The Politics Behind India’s COVID Crisis - IAMC

The Politics Behind India’s COVID Crisis

Among the world’s autocratic populists, Prime Minister Narendra Modi, of India, is distinguished as a storyteller. He offers beguiling accounts of Hindu identity and Indian greatness, with the aid of allied newspapers and television networks, as well as on Twitter, where he has sixty-eight million followers and a phalanx of trolls. When the pandemic struck, last year, Modi summoned his loyal media barons and editors, who, according to the Prime Minister’s Web site, promised “inspiring and positive stories” about his government’s fight against the coronavirus. The country suffered tens of thousands of Covid-19 deaths in 2020, but forecasts of even more dire outcomes did not materialize. In January, at Davos, Modi boasted that India had “saved humanity from a big disaster by containing corona effectively.” He loosened restrictions and invited worshippers to the Kumbh Mela, a weeks-long Hindu festival that attracted millions of people. As spring arrived, he staged mass rallies during an election campaign in West Bengal, a state with a population of a hundred million. At a gathering on April 17th, he extended his arms and proclaimed, “Everywhere I look, as far as I can see, there are crowds.”

 

The coronavirus thrives off of complacent politicians. At the time of that rally, new infections in India, by official counts, had exploded to two hundred and fifty thousand a day, a figure that last week reached four hundred thousand. Shortages of oxygen and hospital beds have driven desperate citizens—and even hospital directors—to beg for help on social media. State police have threatened or filed preliminary criminal charges against some of those seeking aid, because the “rumours” they generate may “spoil the atmosphere,” as Yogi Adityanath, a Modi ally and the Chief Minister of Uttar Pradesh, India’s most populous state, put it. According to the Hindu, an English-language daily, he called for prosecutions under the National Security Act. On April 30th, India’s Supreme Court held that there should be no “clampdown” on those using social media to plead for oxygen or beds. Crematoriums are overwhelmed; photographs of makeshift funeral pyres have become iconic images of an unspeakable tragedy. Last week, at least a hundred and fifty people in India died of Covid every hour. The surge reflects many factors, including the fragility of the underfunded health system. But, as Meenakshi Ganguly, the South Asia director of Human Rights Watch, wrote last week, Modi’s government “appears obsessed about managing the narrative” rather than addressing urgent needs.

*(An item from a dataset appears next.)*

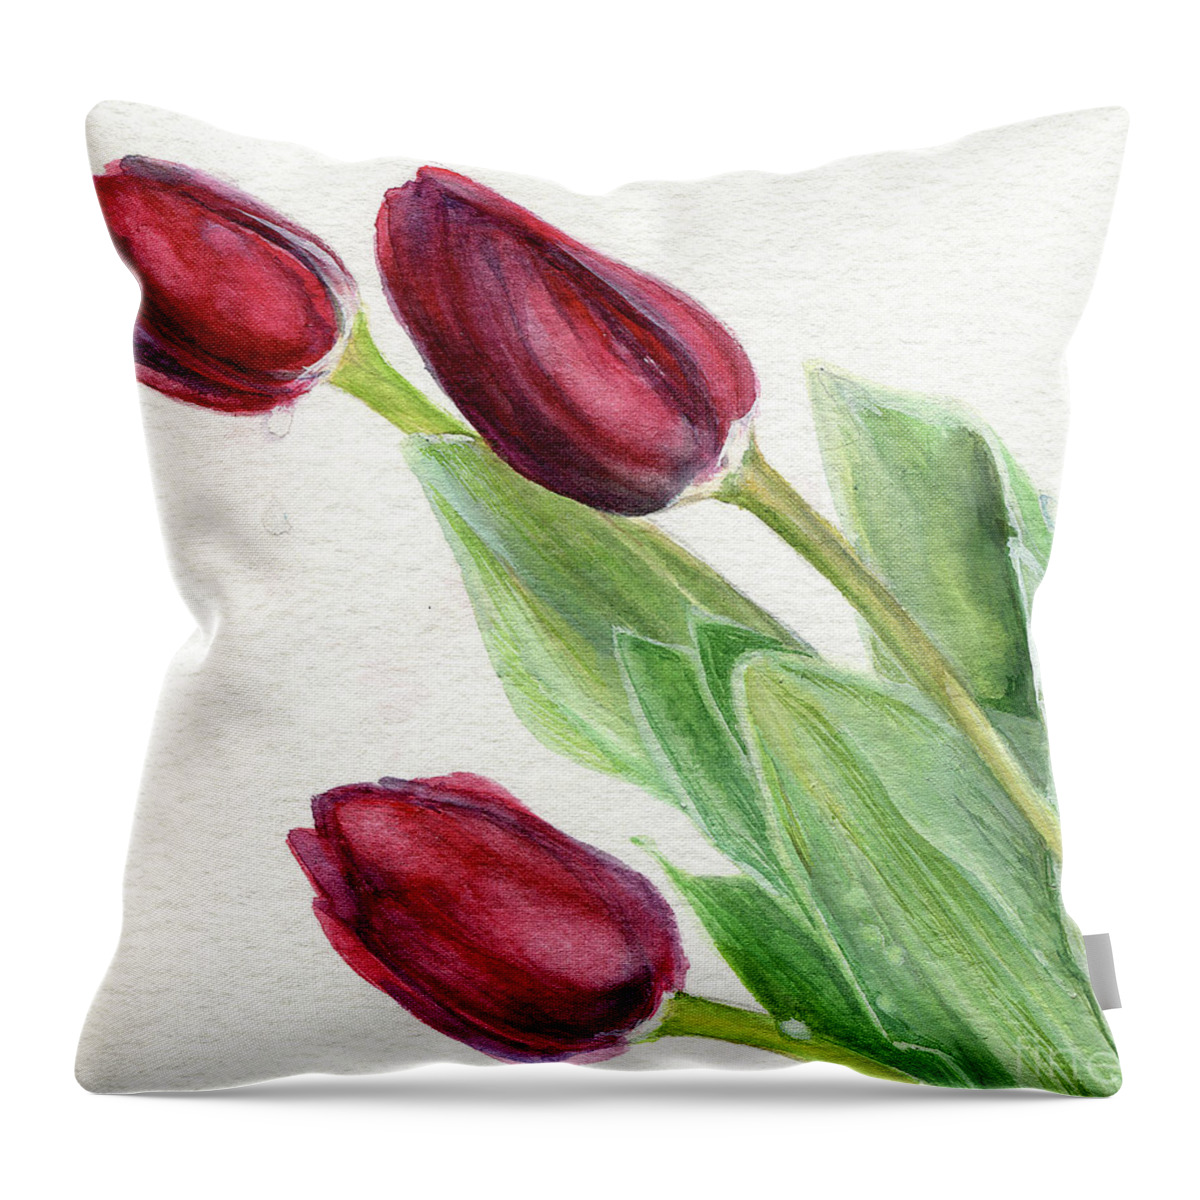 Tulips Throw Pillow featuring the painting Burgundy Tulips by Laurie Rohner

The Biden Administration and other governments have dispatched planeloads of small oxygen-making plants and vaccine ingredients to New Delhi, to bolster India’s vaccine industry. The aid is needed, but it alone cannot address the scale of India’s suffering. The pandemic has laid bare—and exacerbated—the contours of global inequality. The conditions incubating India’s outbreak also exist in other emerging countries, such as Brazil and Argentina, where thousands perish daily. In the U.S. and a few other wealthy nations, about half of all adults have now received at least one vaccine dose, and economies are reopening, whereas in much of the rest of the world it will require many months—perhaps a year or two—before vaccination rates are likely to rise enough to suppress the virus. India’s crisis will make that campaign longer, since to address its own emergency New Delhi has suspended vaccine exports to COVAX, a World Health Organization project established to assure equitable access to vaccines in low-income nations.